Cambridge Core – Ecology and Conservation – Elements of Mathematical Ecology – by Mark Kot. pages. Dimensions: in. x in. x ts of Mathematical Ecology provides an introduction to classical and modern mathematical models. Elements of Mathematical Ecology Mark Kot. Elements of Mathematical Ecology provides an introduction to classical and modern mathematical models.
|Published (Last):||19 May 2014|
|PDF File Size:||8.19 Mb|
|ePub File Size:||11.42 Mb|
|Price:||Free* [*Free Regsitration Required]|
Princeton University Press, Princeton.
Elements of Mathematical Ecology – Mark Kot – Google Books
Global bifurcations in predatorprey models. The aim of this book was clearly to elsments a textbook for students in population ecology. Comparative methods at the species level: Help Center Find new research papers in: Journal of Difference Equations and Applications, 11, Limit cycles in a chemostat model for a single species with age structure.
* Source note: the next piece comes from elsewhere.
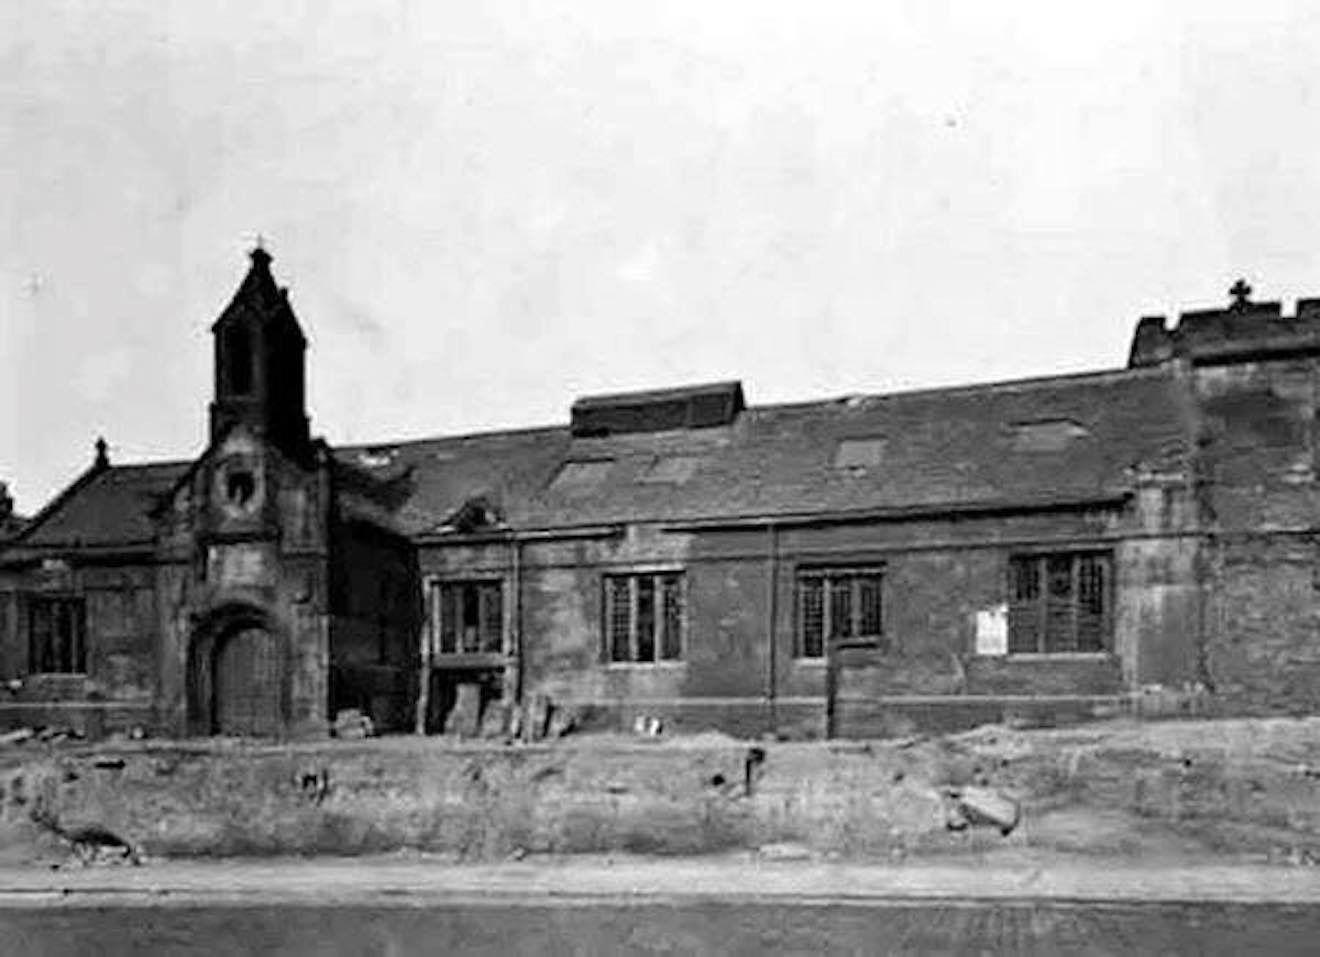 Leeds Boys Grammar School North Street Demolished In 1900 Leeds City Leeds Grammar School

American Naturalist, Elements of Mathematical Ecology. In addition, in each chapter some problems to the most important models are stated. ISBN paperback The use of mathematical models is an important issue in natural science.
Investigation of the nonlinear behavior of a partially ionized, turbulent plasma in a magnetic field. Bulletin of Mathematical Biology, 70, Account Options Sign in. Some simple nonlinear models. Skip to main content. Dispersal and pattern formation in a discrete-time predator-prey model.
Cambridge University Press Amazon. All solutions are graphically illustrated which is a major advantage of that book mathemaical for readers without a strong mathematical back- ground.
Invasion speeds in fluctuating environments. To cycle or not to cycle.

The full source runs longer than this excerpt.